_Problem requirements_. Everything from the "Gareth Patton, consultant" line to the final line of the listing should be written out exactly. Skip the pictures.

_Supplied material_.
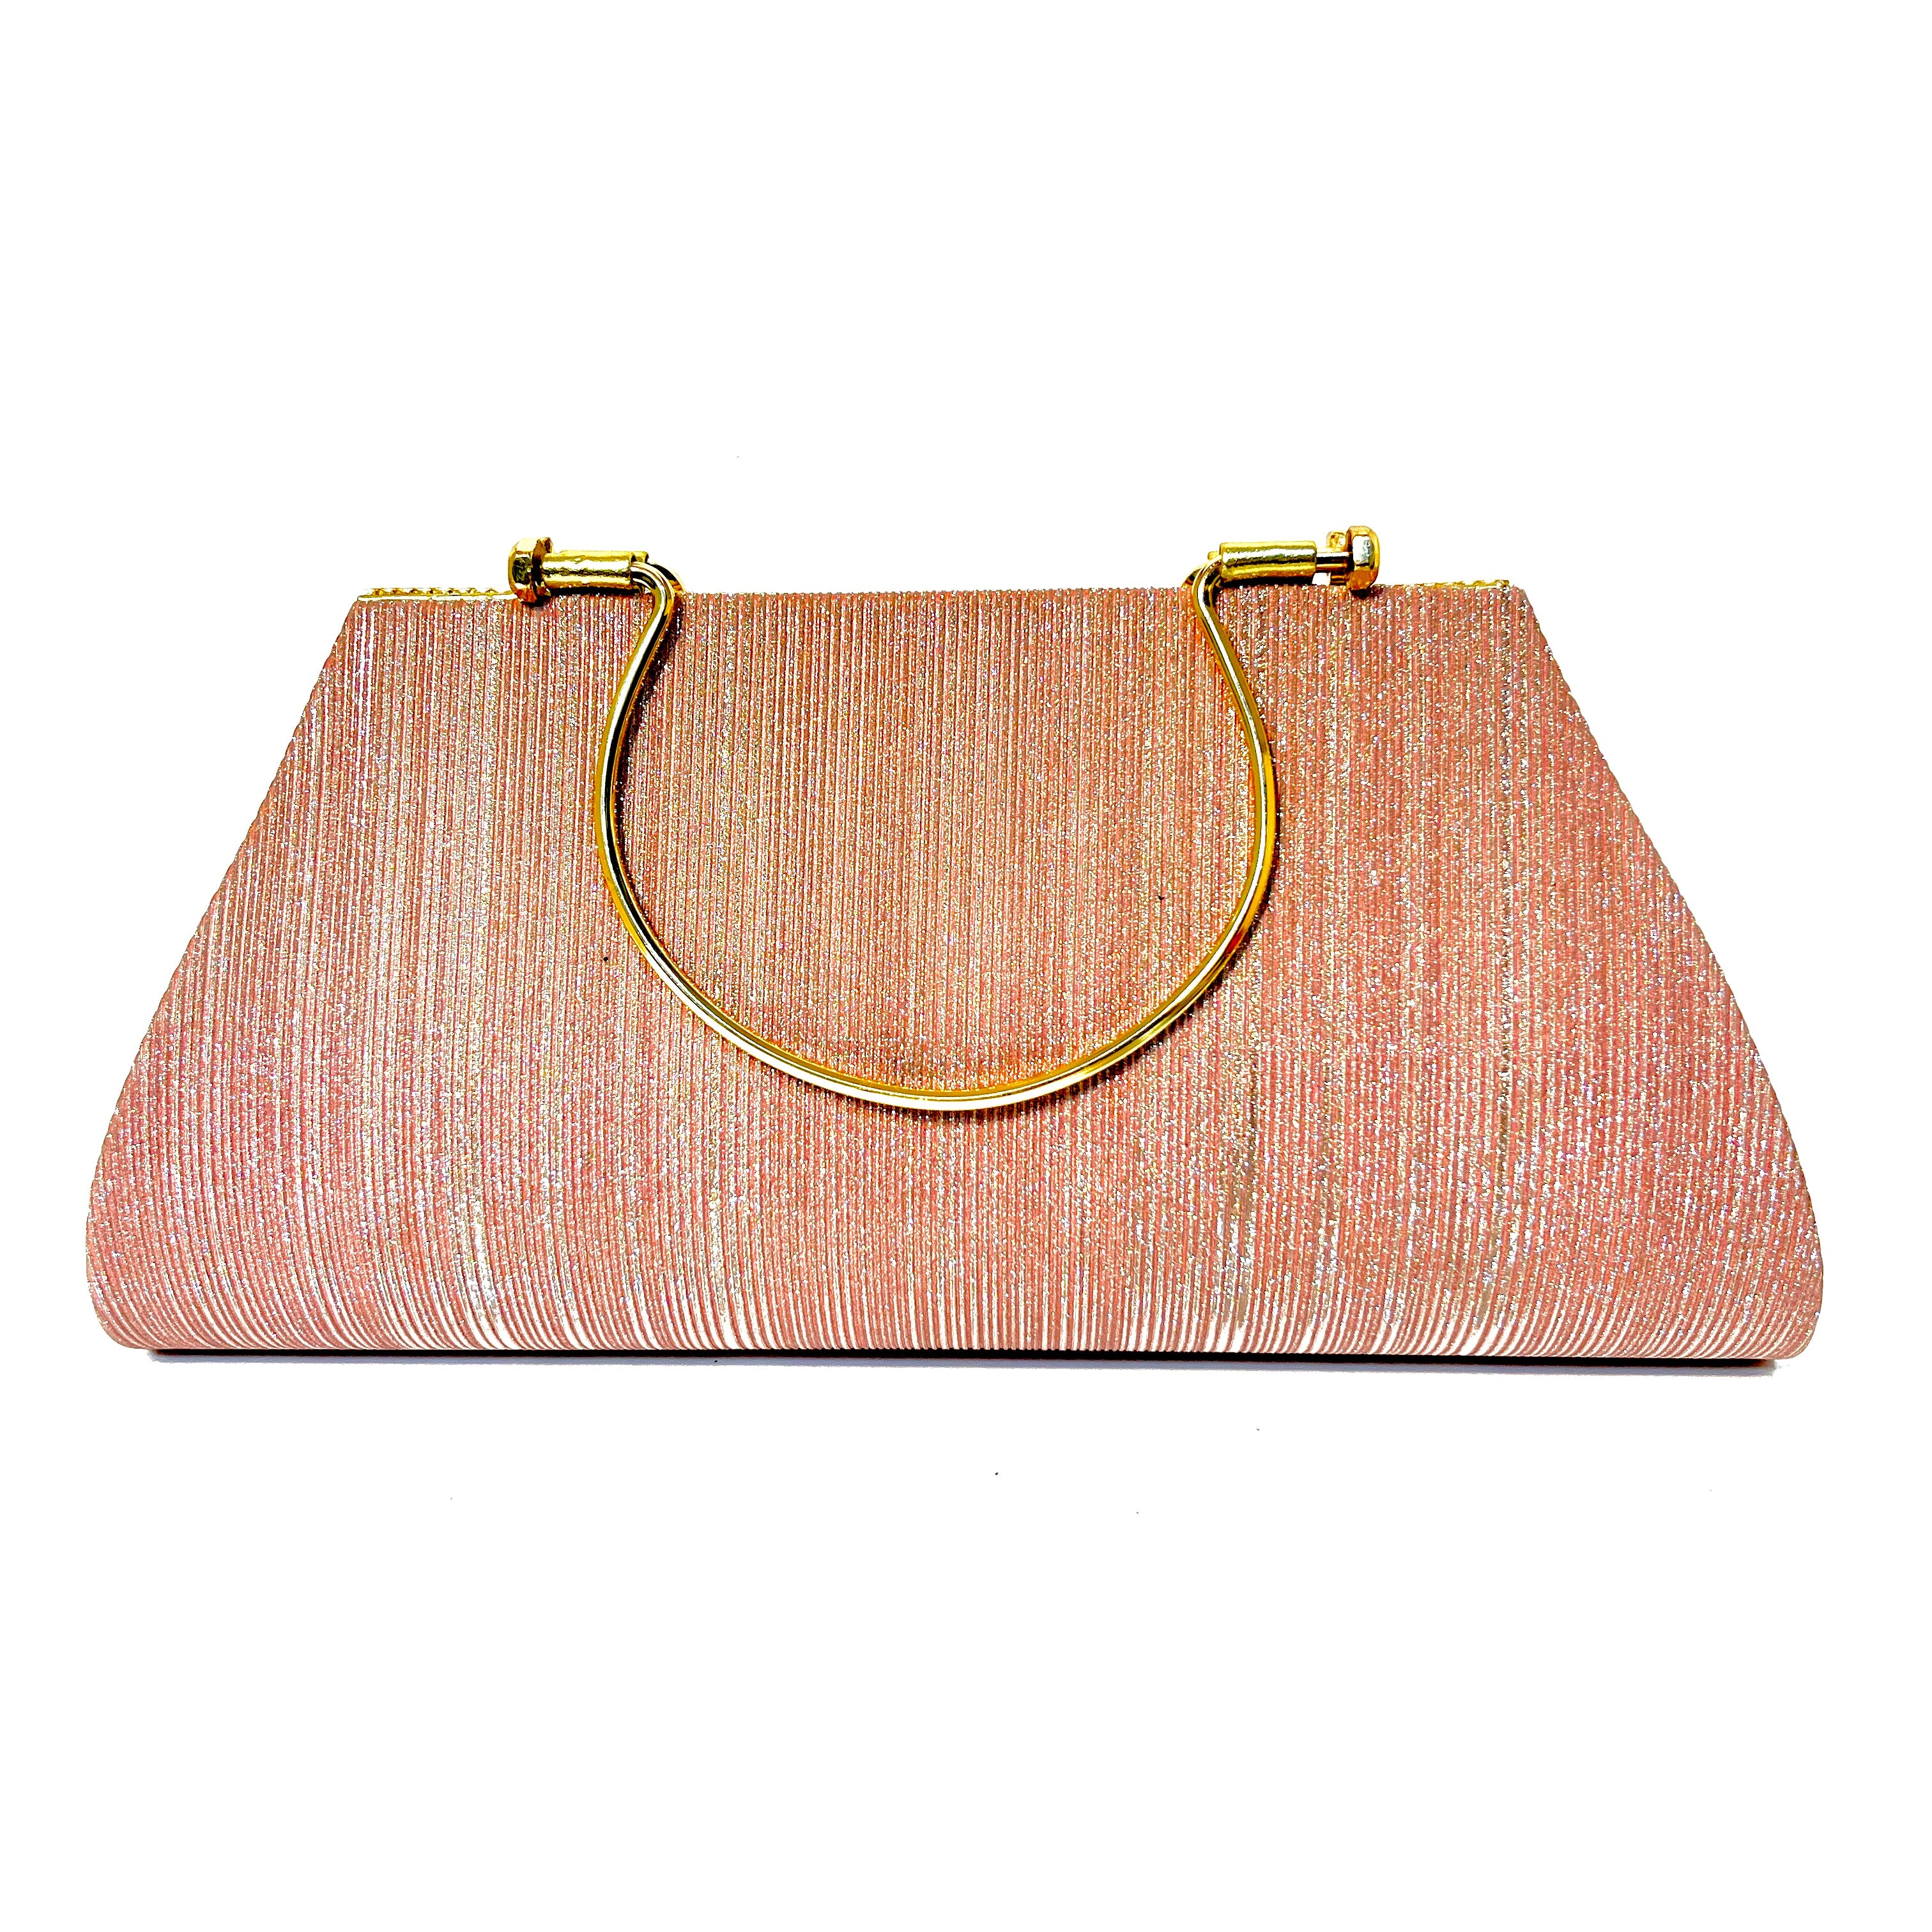 Handmade golden clutch Brass Metal bag antique bridal purse for her gift  item | eBay
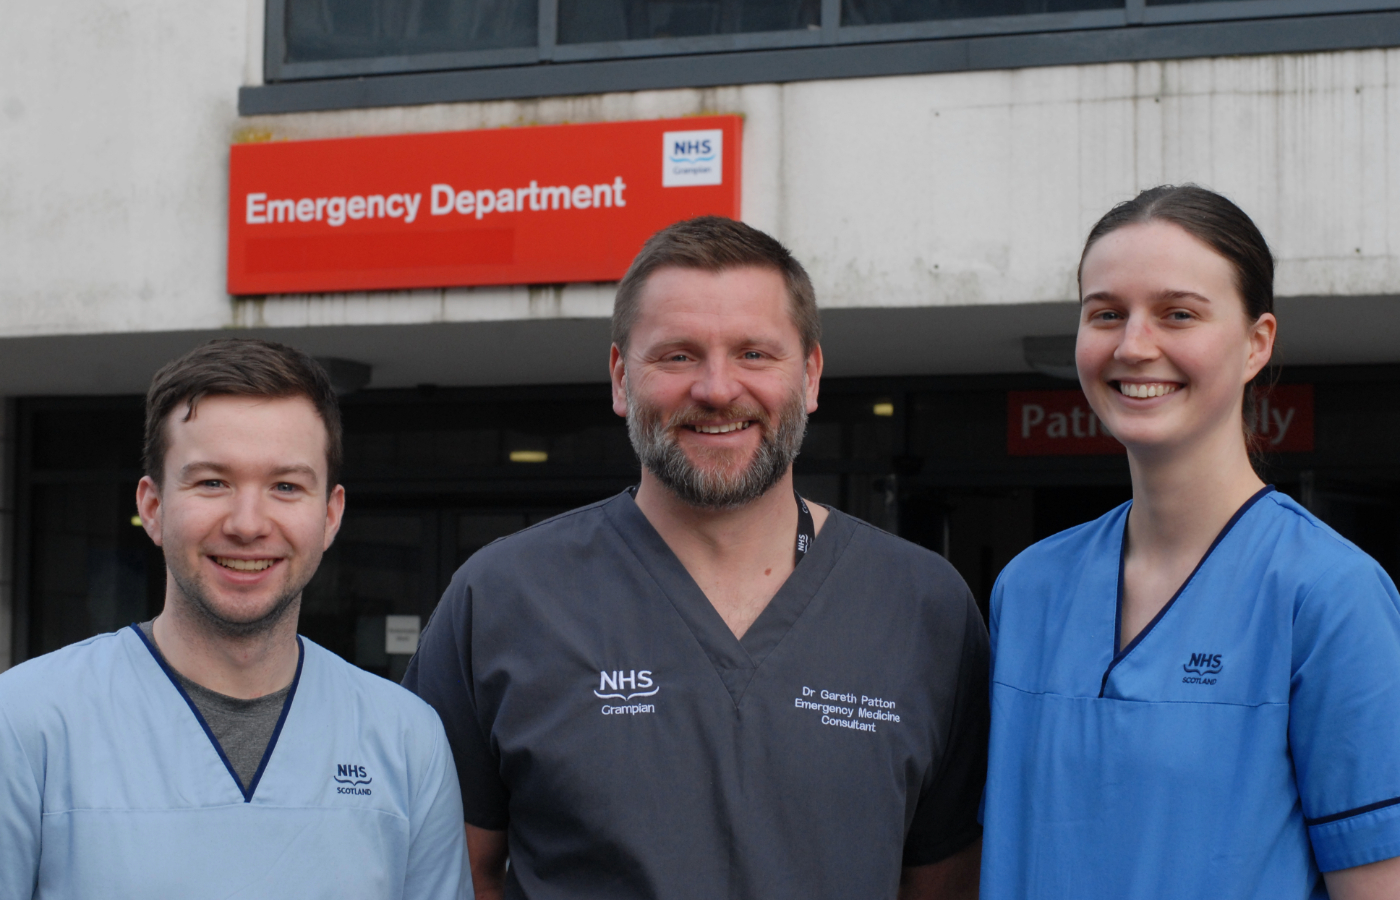 Gareth Patton, consultant in emergency medicine, Charlotte Pinkerton, staff nurse, and Alexander Brooks, senior health care support.
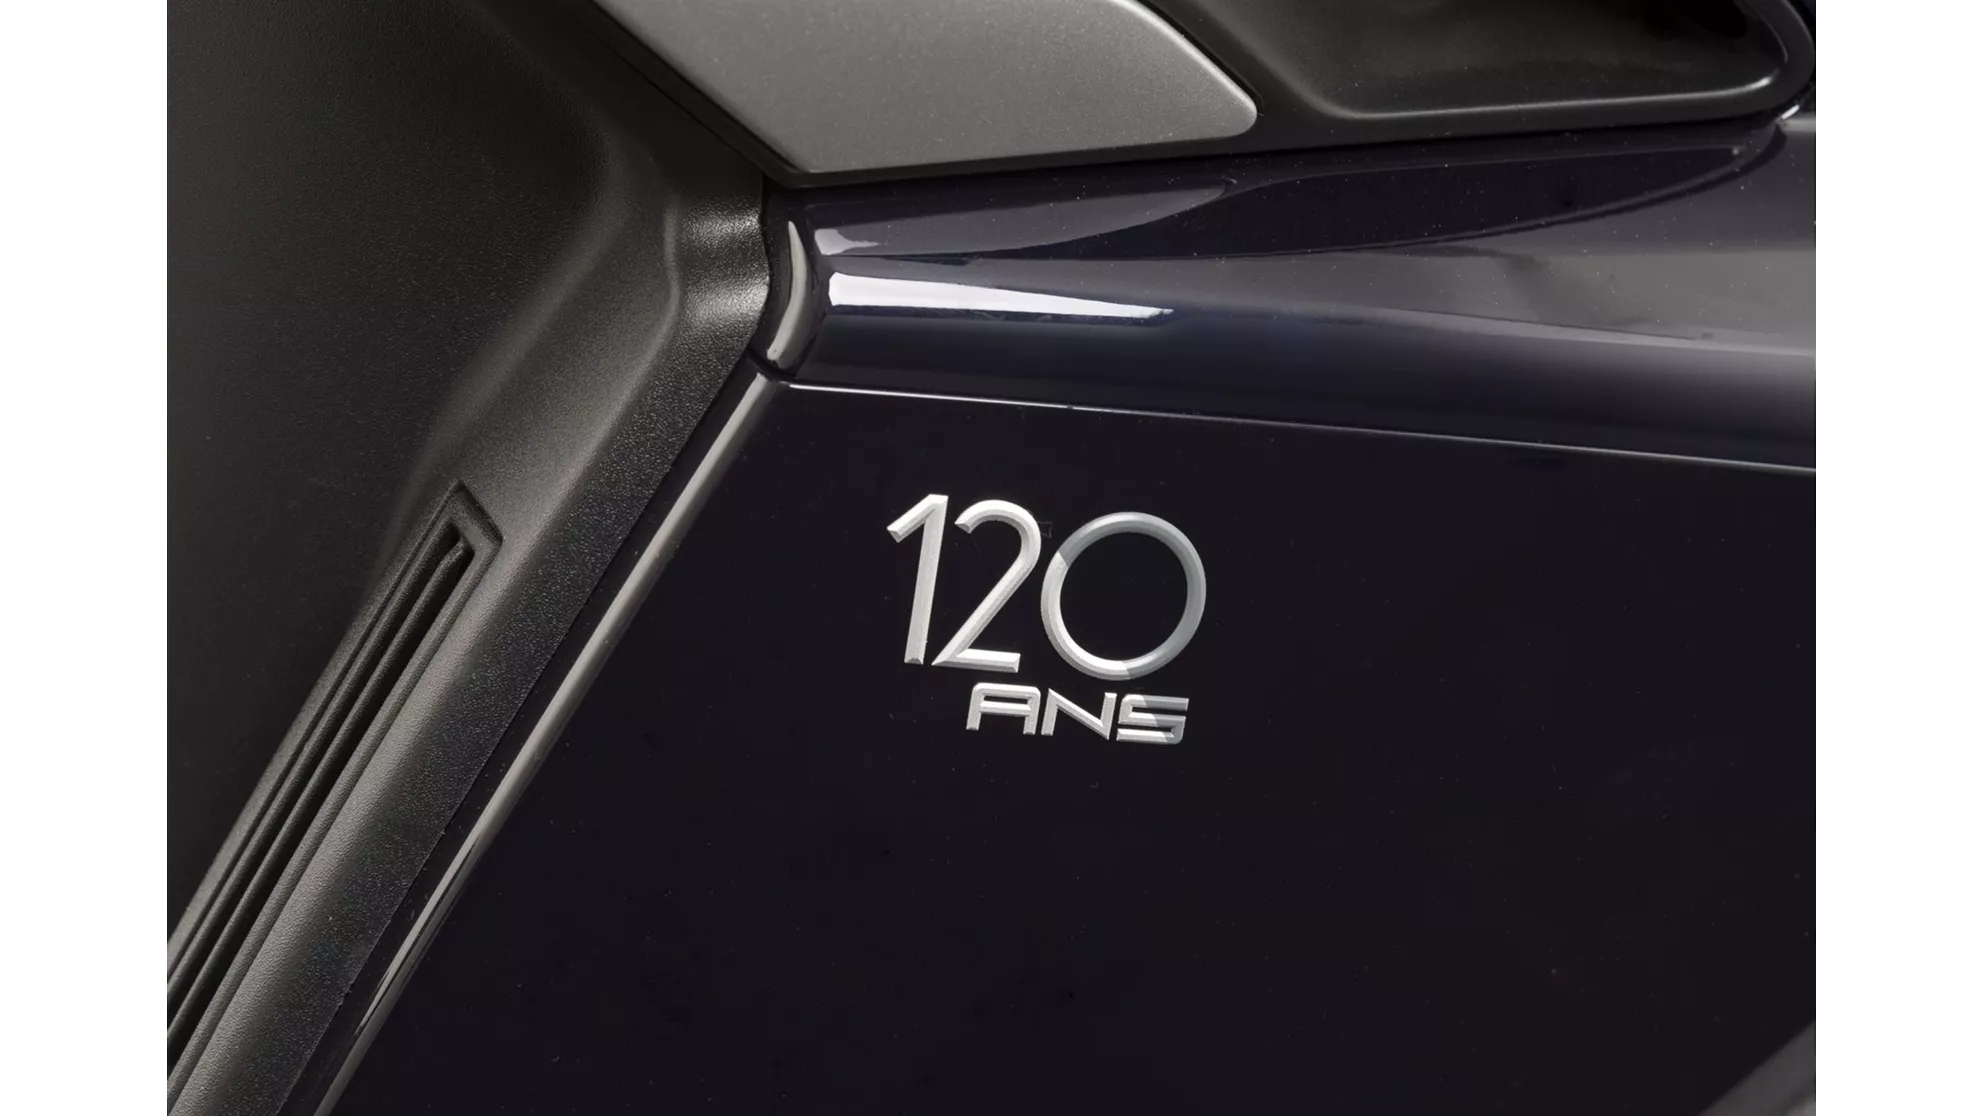 Peugeot Metropolis 120 ans - Image 1
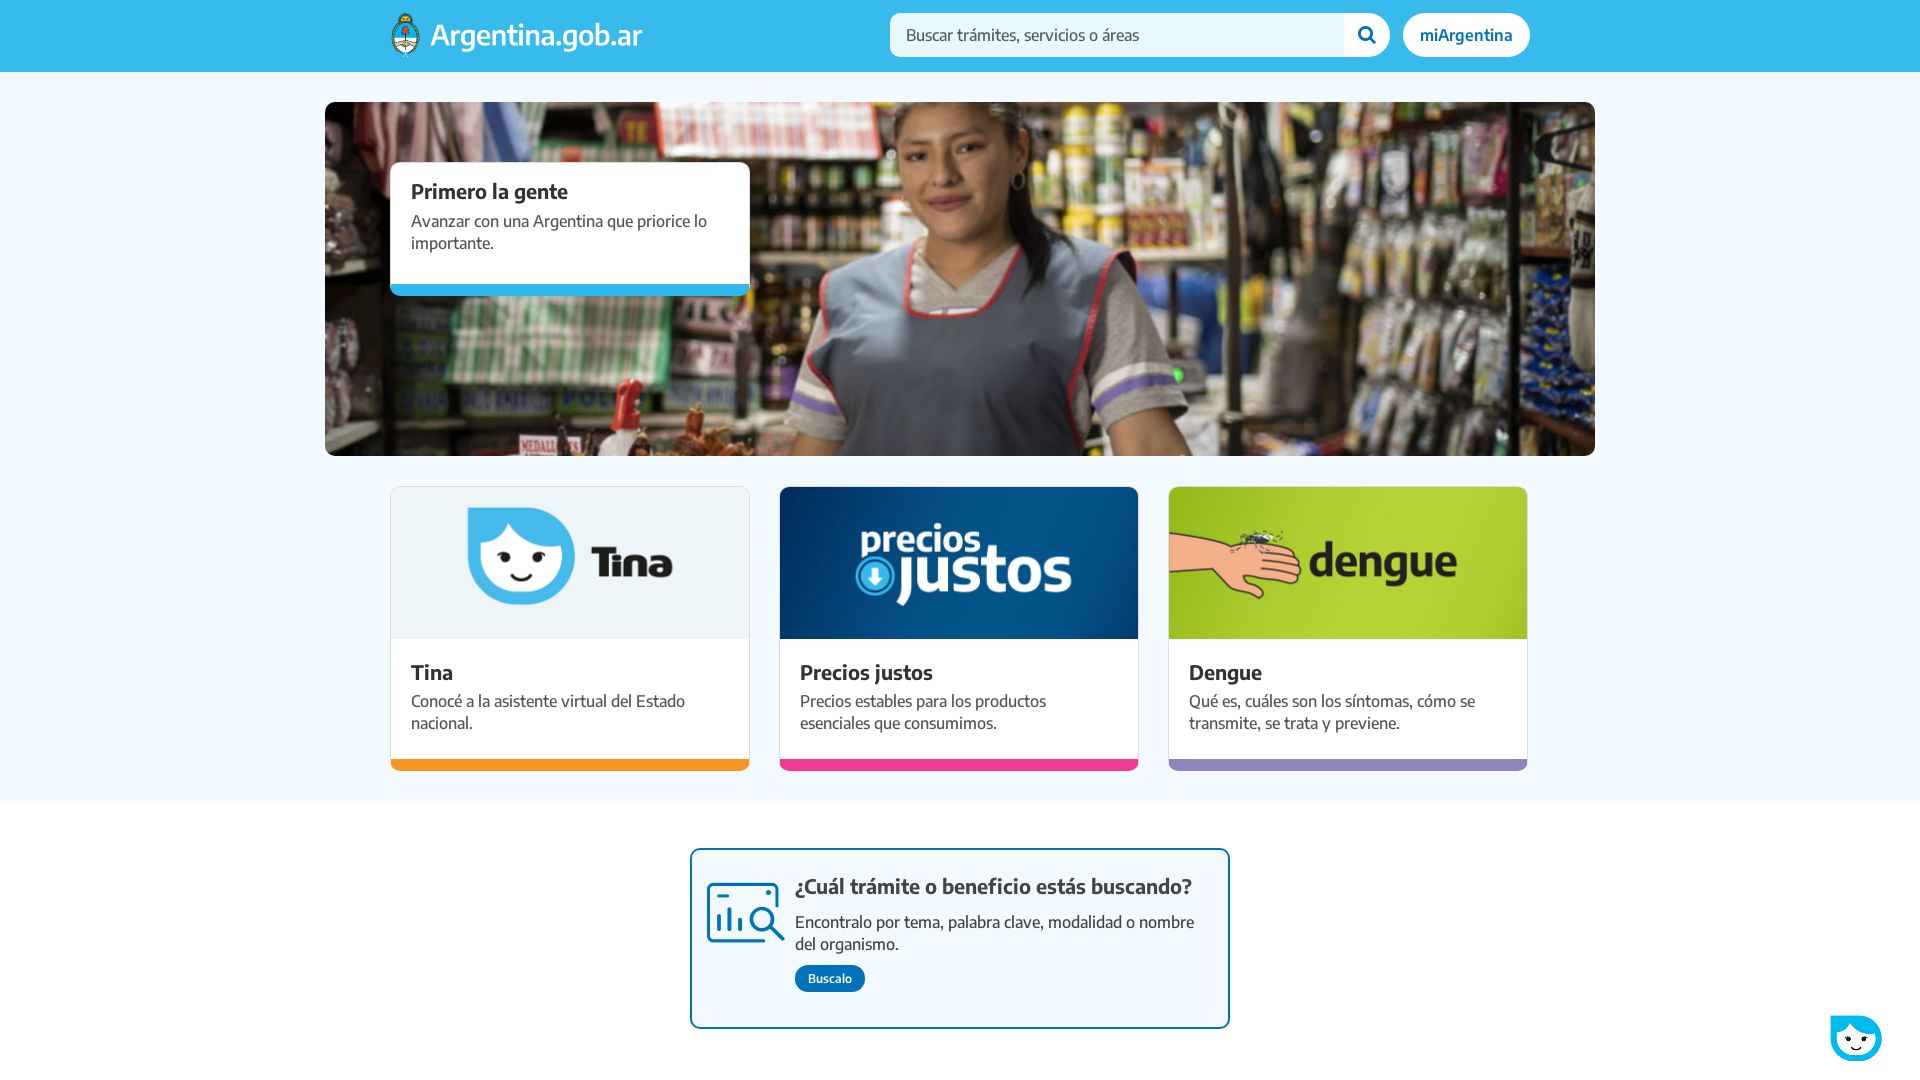 Website status www.argentina.gob.ar is   ONLINE

_Task result_.
 Gareth Patton, consultant in emergency medicine, Charlotte Pinkerton, staff nurse, and Alexander Brooks, senior health care support.
 Peugeot Metropolis 120 ans - Image 1
 Website status www.argentina.gob.ar is   ONLINE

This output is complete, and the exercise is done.